Germany’s clampdown will apply in regions where there are more than three Covid patients in hospital for every 100,000 people.
Saxony, the area hardest hit by the fourth wave, is considering shutting theatres and concert halls and postponing football games, Bild newspaper reported.
Lothar Wieler, the head of the Robert Koch Institute for infectious diseases, warned Germans faced ‘a terrible Christmas’ without tighter restrictions.
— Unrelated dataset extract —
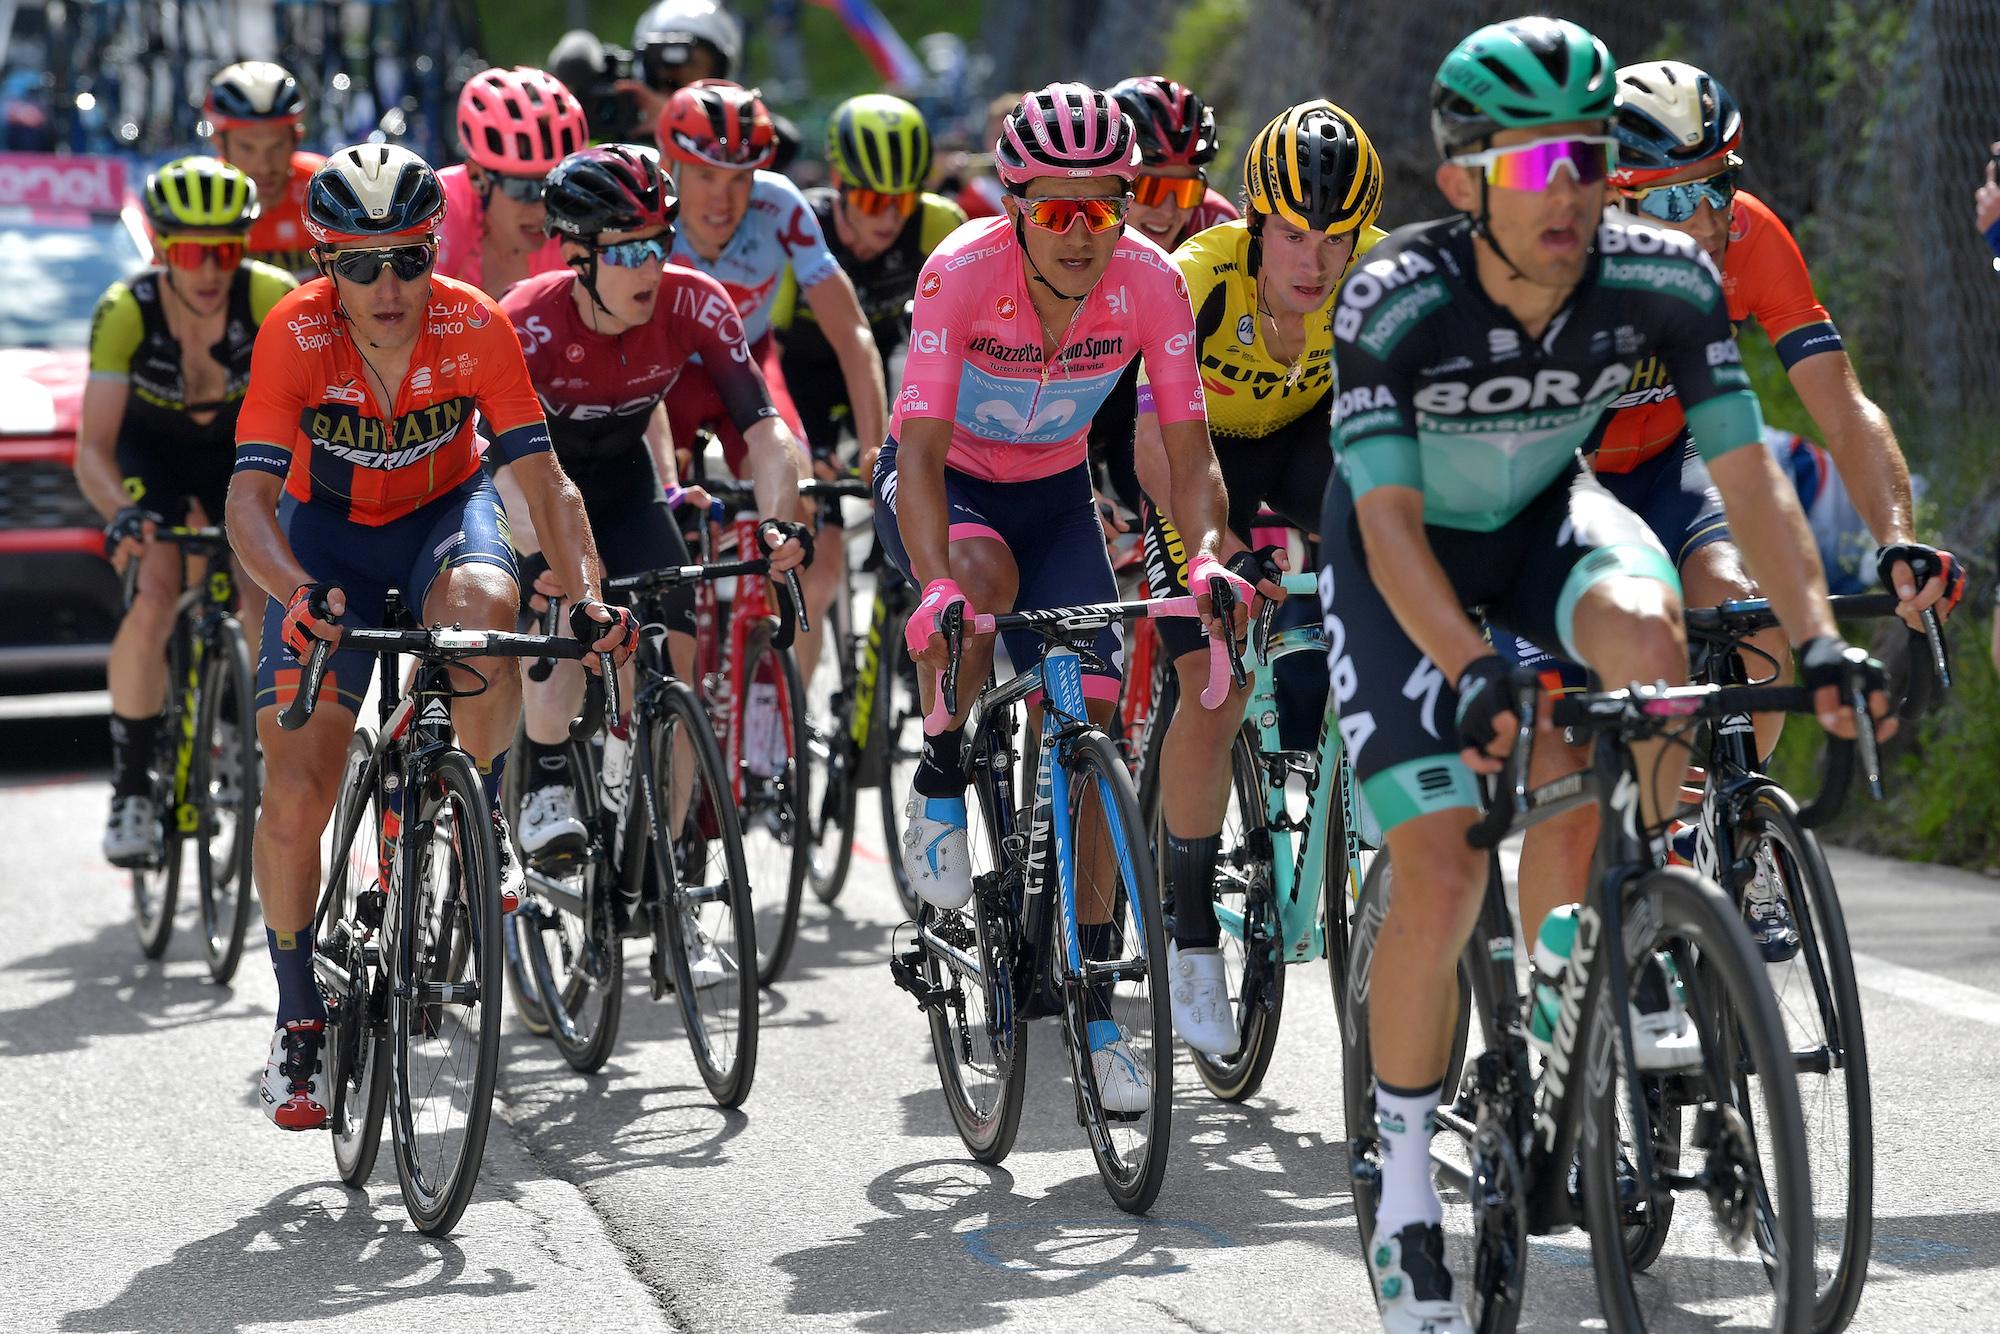 Giro d'Italia 2019 ratings: How did each team perform?

‘Anyone who cannot see that is making a very big mistake,’ he said, pointing to yesterday’s record surge in infections of 65,371 cases in 24 hours.
Austria, too, hit a new peak on Thursday, recording 15,145. The Alpine nation, which has fully jabbed 63% of its population, issued a diktat earlier this week ordering the unvaccinated to stay at home.
They may leave their homes for essential reasons only and rule-breakers can be hit with fines as high as €1,450. Two regions, Upper Austria and Salzburg, announced full shutdowns yesterday, even for those who have been jabbed.
‘We no longer see any alternative to a lockdown,’ Salzburg governor Wilfried Haslauer said.The Netherlands and Belgium have also brought in a partial closure of their economies.
Belgian prime minister Alexander De Croo said: ‘All the alarm signals are red. Europe’s map is quickly going red.’
Marco Cavaleri of the European Medicines Agency said ‘unacceptable low vaccination rates’ in some countries as well as the Delta variant were driving up cases.